Your goal: Go to the line with "Luggage delivery system Tarkeshwar to Valsad" in the material below and copy from there through the line with "New Electric Bike!", exactly. Pictures are not copied.

*** Excerpted records ***

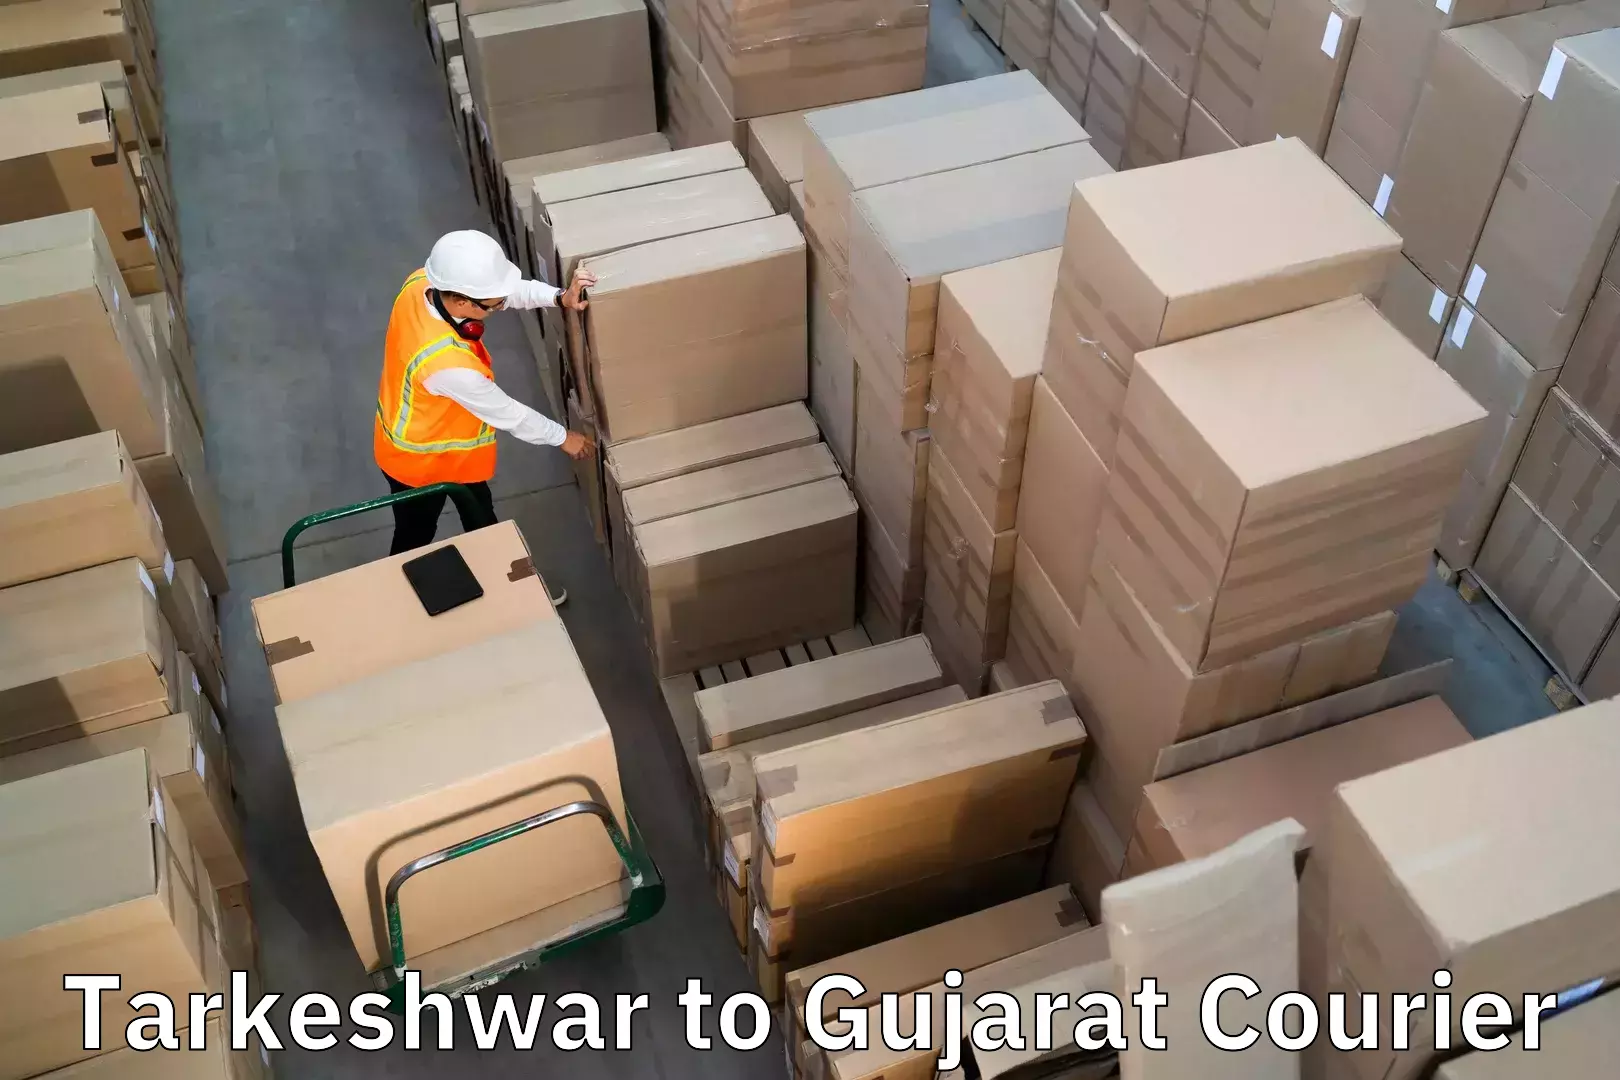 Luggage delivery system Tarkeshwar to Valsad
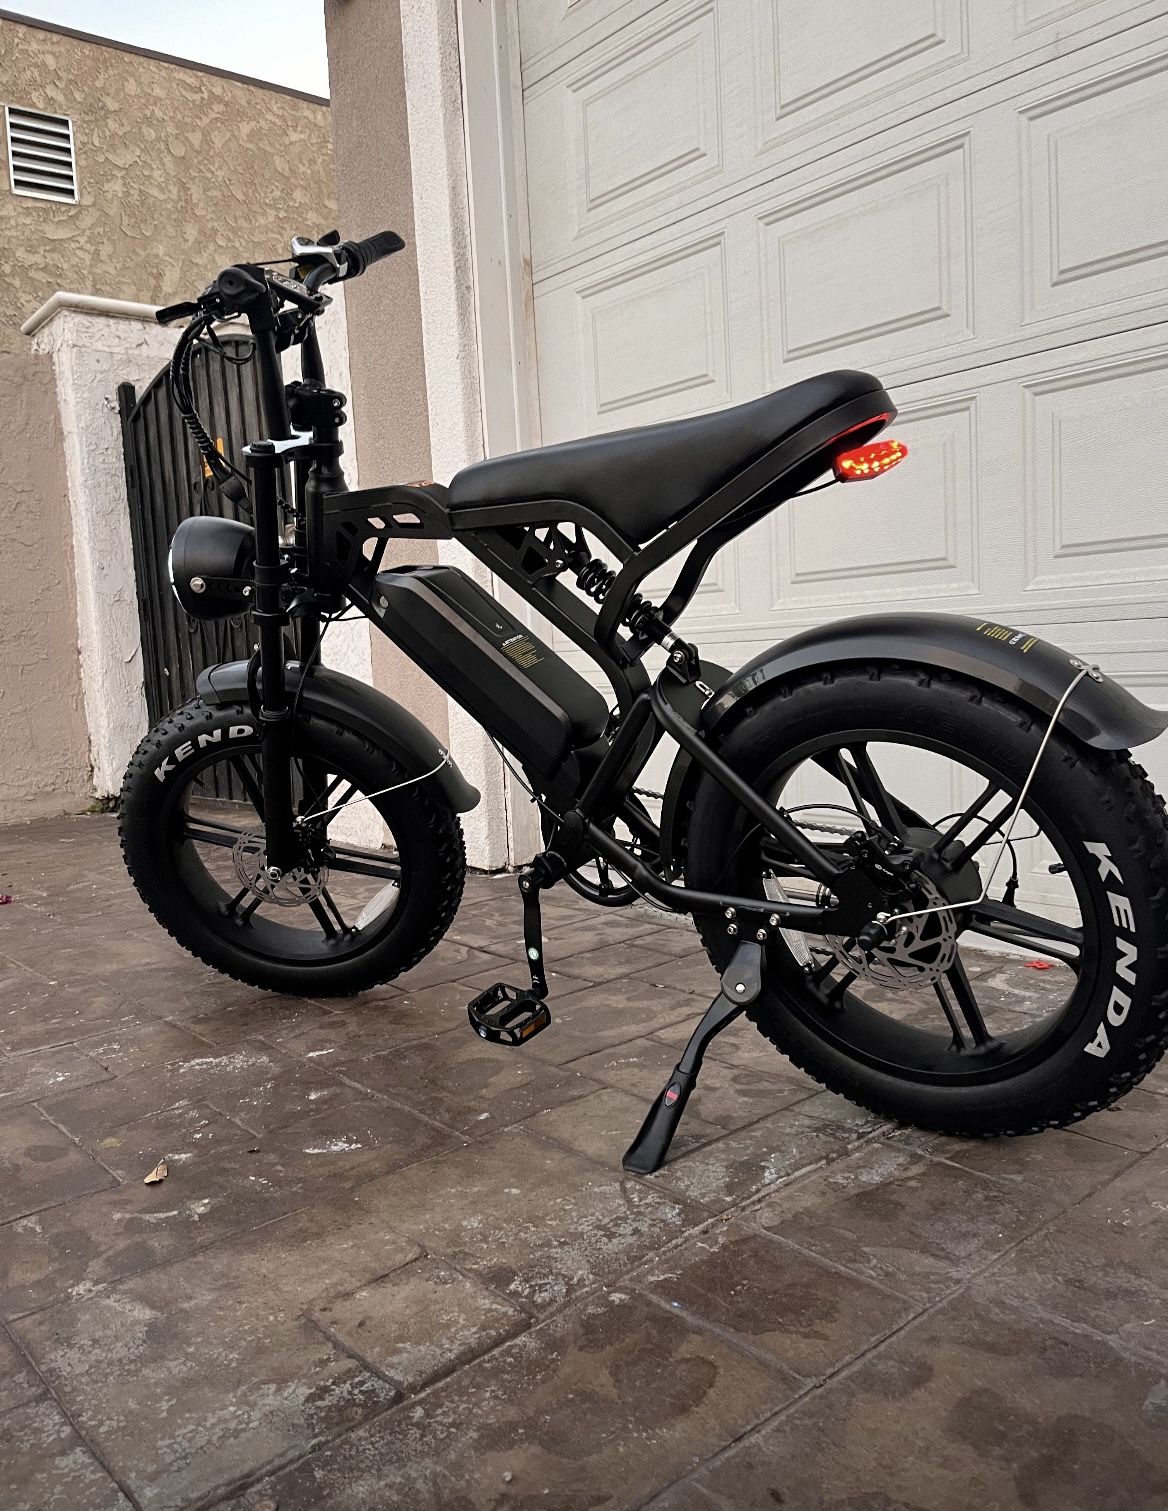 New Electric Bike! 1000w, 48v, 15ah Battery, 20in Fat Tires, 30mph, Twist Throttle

***
*** Excerpted records ***

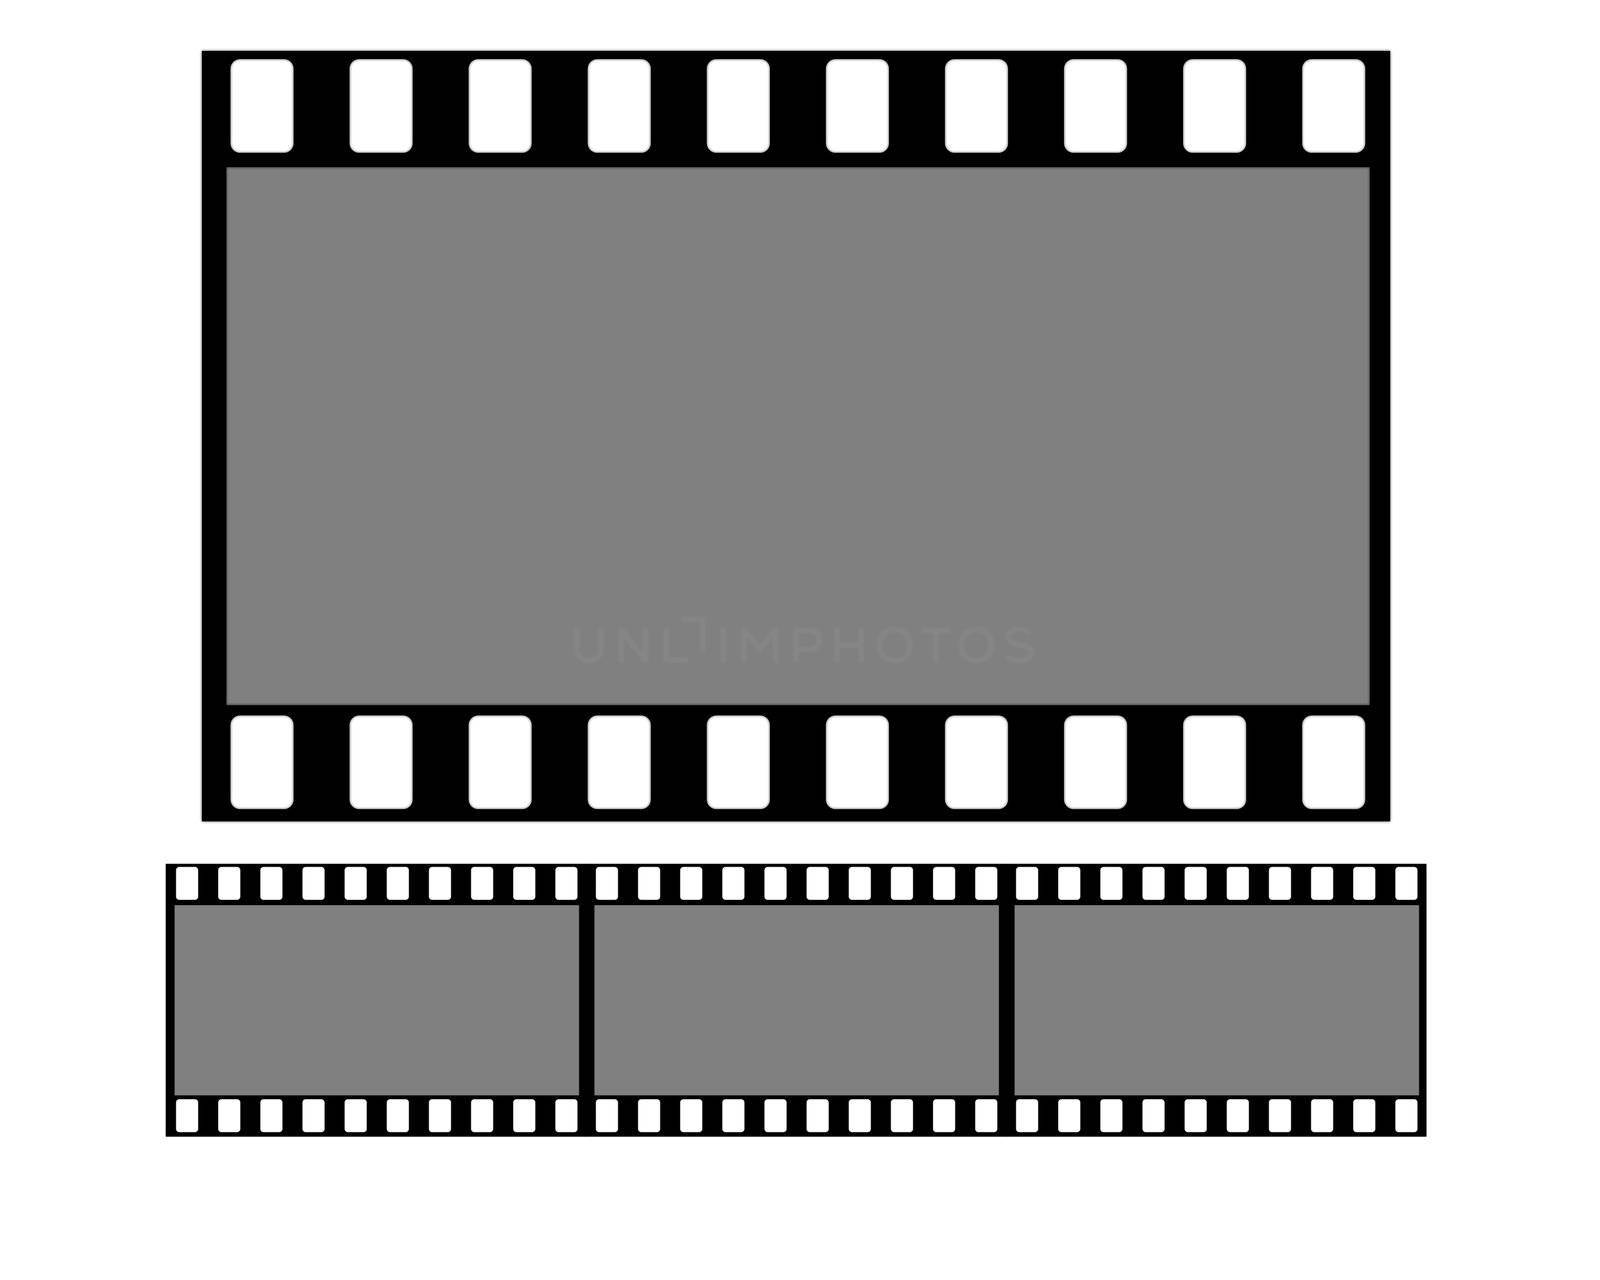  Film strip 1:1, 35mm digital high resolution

***
*** Excerpted records ***

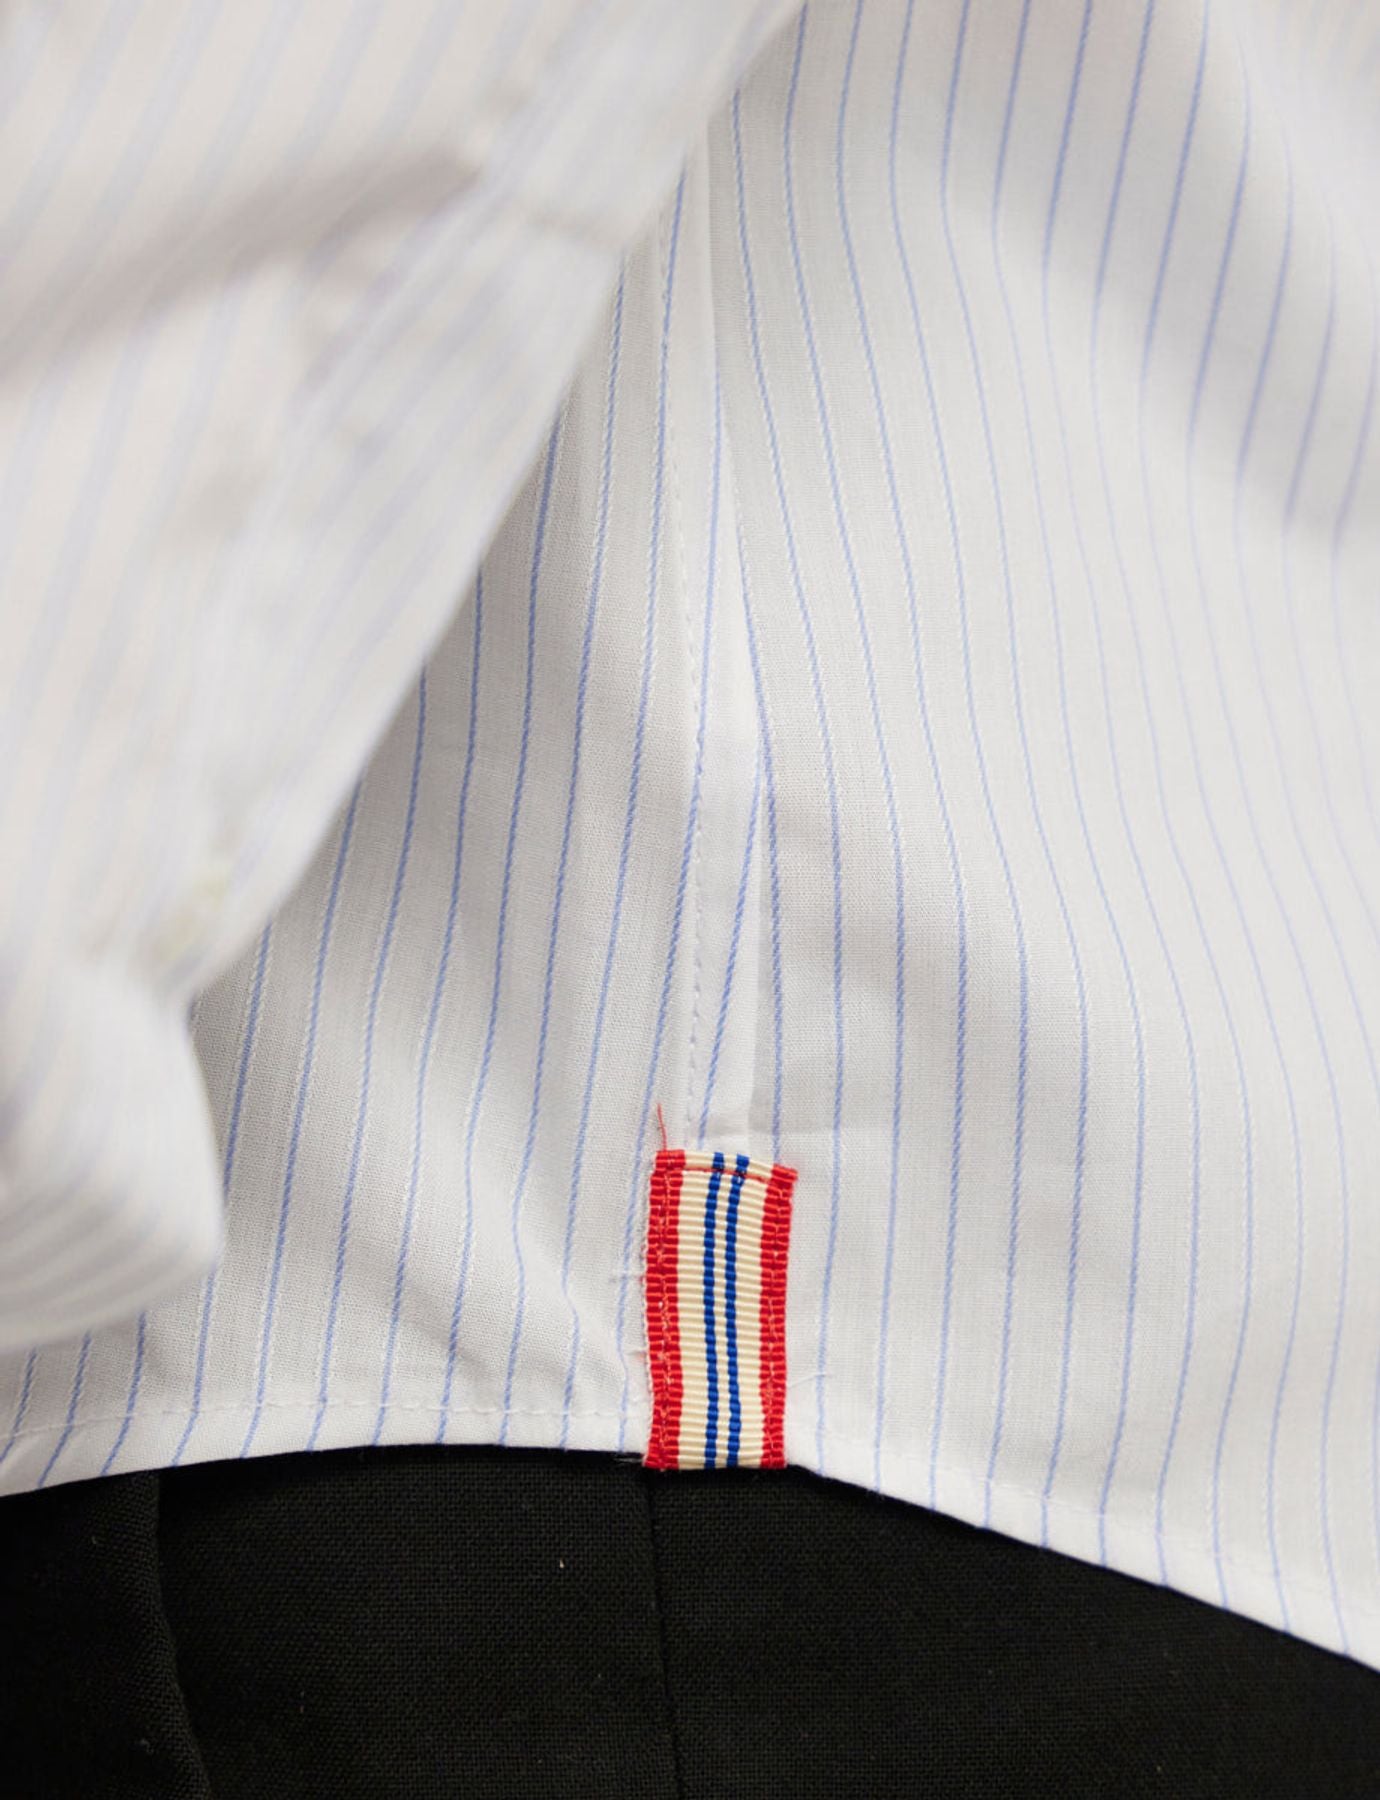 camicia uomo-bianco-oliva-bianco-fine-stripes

***

Your solution:
 Luggage delivery system Tarkeshwar to Valsad
 New Electric Bike! 1000w, 48v, 15ah Battery, 20in Fat Tires, 30mph, Twist Throttle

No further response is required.